Choosing & Creating Evaluation Metric - Libretto

We've created a prompt template, we have our tests - now we need to decide how to assess the response of the LLM models compared to our test cases' target outputs.

Libretto offers a wide variety of metrics based on the latest research available, and we're constantly adding more. We generally call these metrics "evals".

Overview

Each eval can be enabled by either selecting the relevant checkbox, or setting its toggle button to "Active" and saving its settings. There is no limit to the number of evals you can select, though some are more computationally intensive and may extend the length of test runs and Experiments.

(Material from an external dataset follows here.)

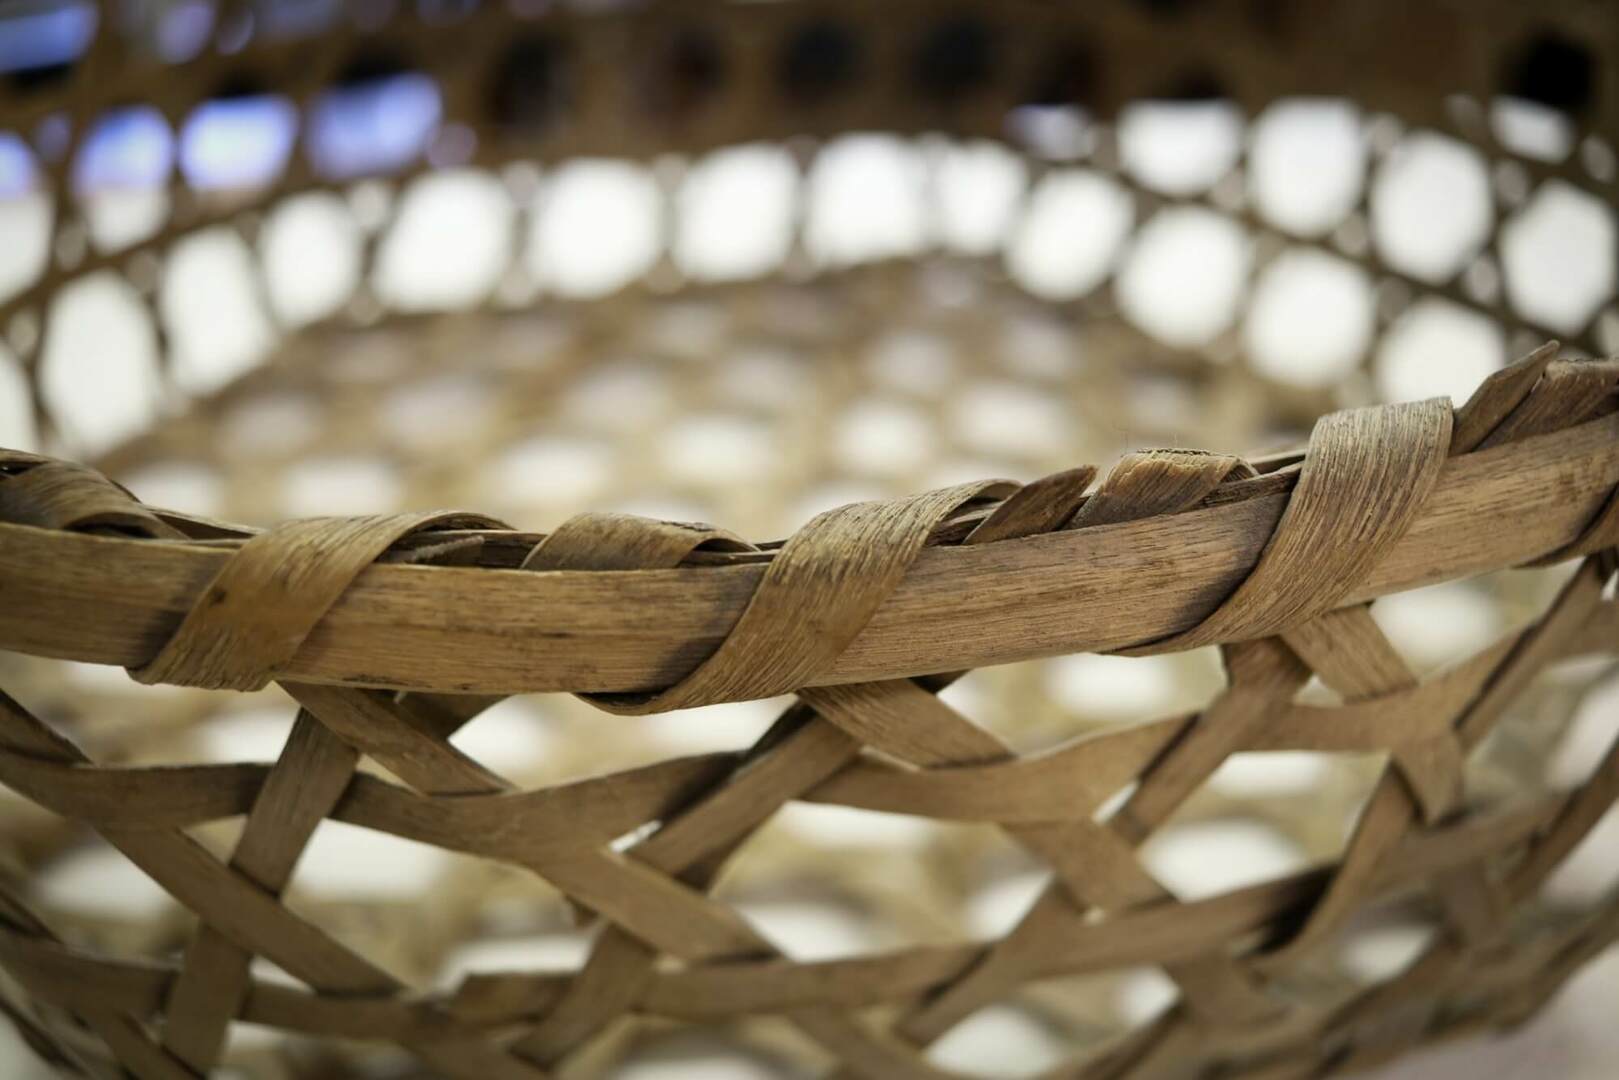 Close up of a woven basket

When you see evaluation results throughout Libretto, they will often be presented as the average result across all of a prompt template's test cases.

Preprocessing

Libretto offers a couple of settings you can use to make sure the correct portion of the LLM response is evaluated appropriately. By default, we strip leading and trailing whitespace from a response, but it's pretty common to want to strip other parts of the LLM response. The most common use case we see is that effective prompts often ask the LLM to talk through a problem before outputting an answer in a well-known format. For example, you might have the following as an answer from an LLM prompt for doing math word problems:

Jane starts with 4 apples and gives 3 to Miguel, which means she has 4 - 3 = 1 apple. Then Lana gives her 5 apples, so she has 1 + 5 = 6 apples. So the answer is [[6]].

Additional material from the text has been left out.